More information on these parameters can be found here.

Finally, we can train our model:

```
mod <- xgb.train(params = param, data = dtrain, nrounds = num_rounds)
```

We then predict on the test set:

```
pred <- predict(mod, dtest)
```

To evaluate the AUROC we use the package `ROCR`

:

```
library(ROCR)
```

```
auc.tmp <- prediction(pred, labels[-idx])
auc <- performance(auc.tmp, "auc")
auc@y.values
```

```
## [[1]]
## [1] 0.9302011
```

We already get a pretty good AUC value of 0.9302011, here is the plot:

```
auc <- performance(auc.tmp, "tpr", "fpr")
plot(auc,col=rainbow(10))
```

## A more advanced model

The main problem in boosting is when to stop the boosting iterations. Too many interations can lead to overfitting. `xgb.train`

can follow the progress of the learning process after each round, so if we provide a second data set that is already classified, `Xgboost`

can evaluate the model on this data and find the ideal stopping iterations.

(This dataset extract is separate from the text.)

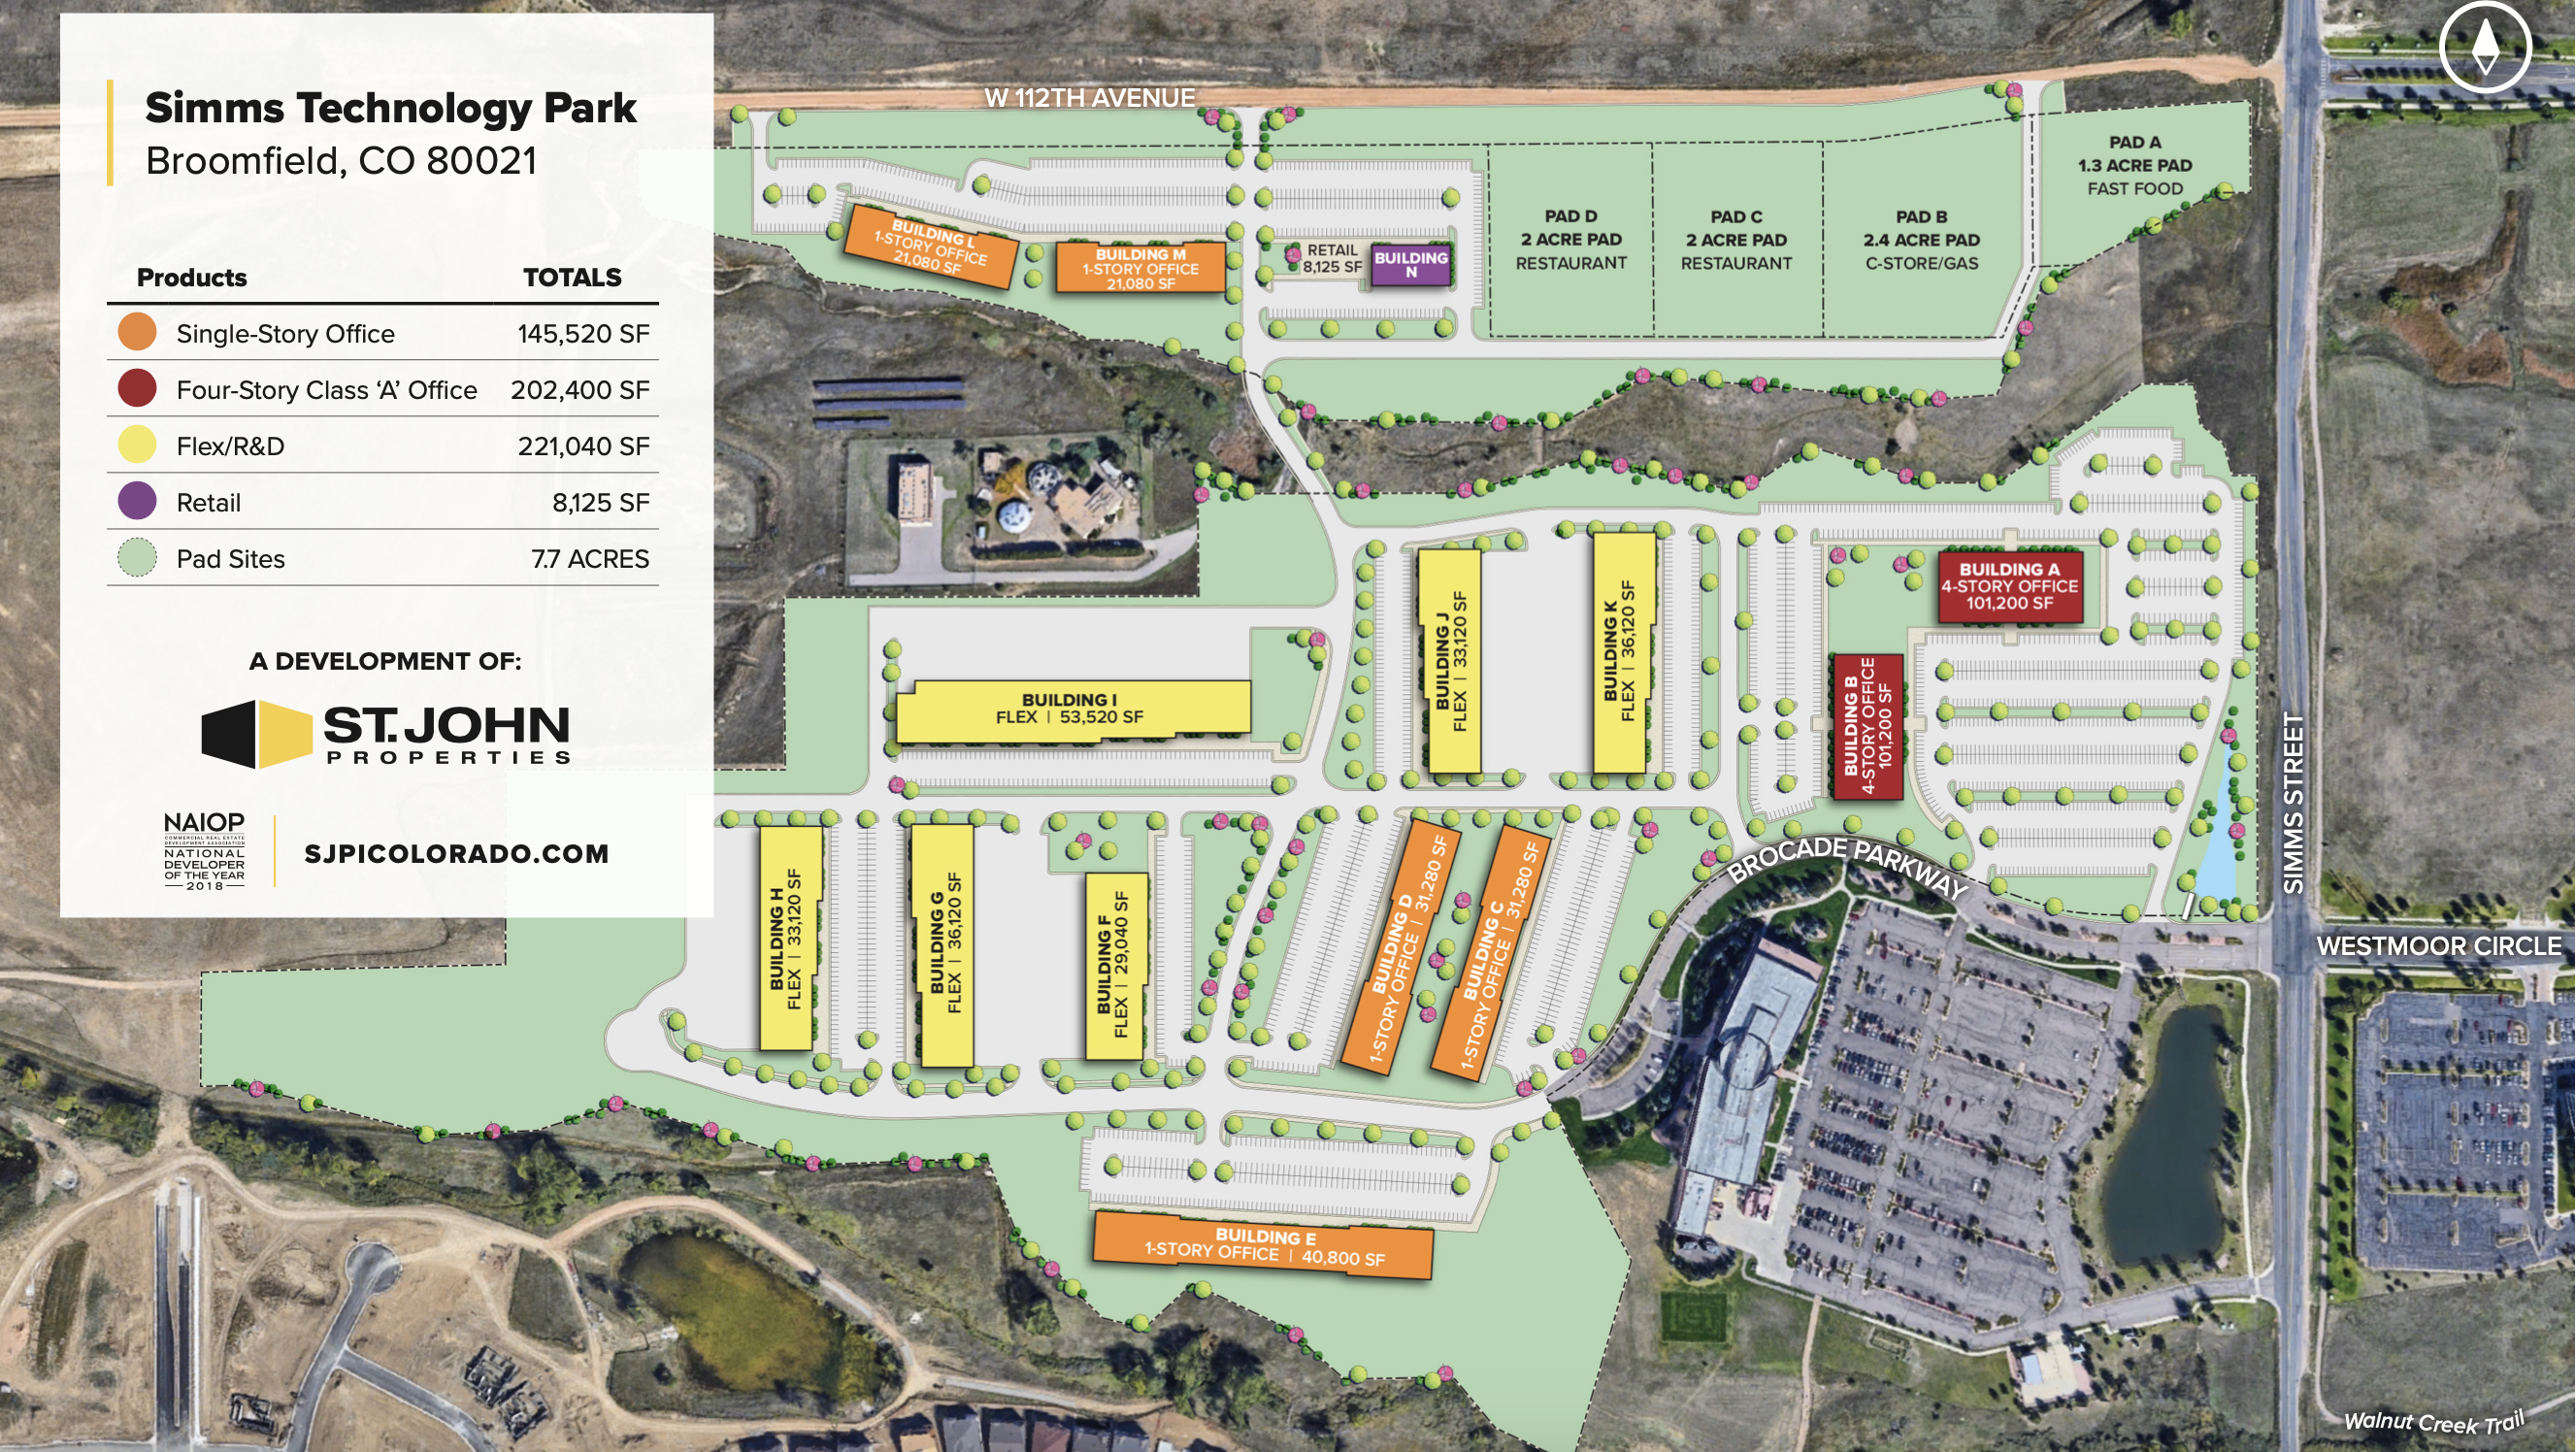 Site plan for Simms Technology Park in Broomfield, CO

To do this, we split the training data set again, in a new (smaller) training set and a validation set. Before, we had 25638 observations in our training set. We now use the first 2000 observations from this set for early stopping:

```
valid <- train[1:2000,]
dvalid <- xgb.DMatrix(valid, label = labels[idx[1:2000]])
train2 <- train[-(1:2000),]
dtrain2 <- xgb.DMatrix(train2, label = labels[setdiff(idx, idx[1:2000])])
```

In addition, we have to specify a **watchlist**

```
watchlist <- list("val"=dvalid, "train"=dtrain2)
```

Then we train the new model. Because of early stopping we can safely increase the number of boosting iterations:

```
num_rounds <- 8000
mod2 <- xgb.train(param, dtrain2, nthread=2, nrounds = num_rounds, watchlist = watchlist,
early.stop.round = 200, maximize = TRUE)
```

We predict again:

```
pred2 <- predict(mod2, dtest)
```

We compute the AUROC again:

```
auc.tmp <- prediction(pred2, labels[-idx])
auc <- performance(auc.tmp, "auc")
auc@y.values
```

```
## [[1]]
## [1] 0.930055
```

We now get an AUC value of 0.930055. This is not an improvement, it is even slightly worse than our prediction from above. The reason for this may be because

- the AUC is already very high. Remember, a perfect value would be 1.0, this is already close.
- We lose some important information in the training set as we hold out 2000 observations for early stopping

To address the second point, we now build 10 new models with different training/validation splits.
Let’s start from the beginning, otherwise our code will soon become very ugly. `idx`

contains all indices of the test data. We split `train`

in 10 parts (10 folds), so each validation part has 2563 observations. This is easy with the `createFolds()`

function in the `caret`

package:

```
folds <- createFolds(labels[idx], k = 10)
fmat <- do.call(cbind, folds)
```

As a result, we get a list of length 10 that holds all the required indices of each fold. I converted the folds to a matrix `fmat`

for easier indexing (because the observations cannot be divided by 10 evenly, some folds contain one repeated observation).
Let’s build our 10 new training and validation sets:

```
for(i in 1:10) {
tr <- train[as.vector(fmat[,-i]),]
v <- train[as.vector(fmat[,i]),]
eval(parse(text=paste0("dval",i,"<-", "xgb.DMatrix(v, label = labels[idx[as.vector(fmat[,i])]])")))
eval(parse(text=paste0("dtr",i,"<-", "xgb.DMatrix(tr, label = labels[idx[as.vector(fmat[,-i])]])")))
}
```

We have to build 10 watchlists, too:

```
for(k in 1:10) {
eval(parse(text=paste0("watchlist",k,"<-list('train'=dtr",k,",'val'=dval",k,")")))
}
```

Then, train all models:

```
for(n in 1:10) {
eval(parse(text=paste0("m",n,"<-xgb.train(param, dtr",n,",nthread=2, nrounds = num_rounds, watchlist = watchlist",n,",early.stop.round = 200, maximize = TRUE)")))
}
```

And predict on the test set:

```
for(m in 1:10) {
eval(parse(text=paste0("pr",m,"<-predict(m",m,",dtest)")))
}
```

Because we use AUC as our metric, we can just add up all predictions and then evaluate them again:

```
finalpred <- pr1 + pr2 + pr3 + pr4 + pr5 + pr6 + pr7 + pr8 + pr9 + pr10
auc.tmp <- prediction(finalpred, labels[-idx])
auc <- performance(auc.tmp, "auc")
auc@y.values
```

```
## [[1]]
## [1] 0.9298569
```

We still could not improve, but I hope you get the idea. Be sure to check out `Xgboost`

’s github page where you find more examples.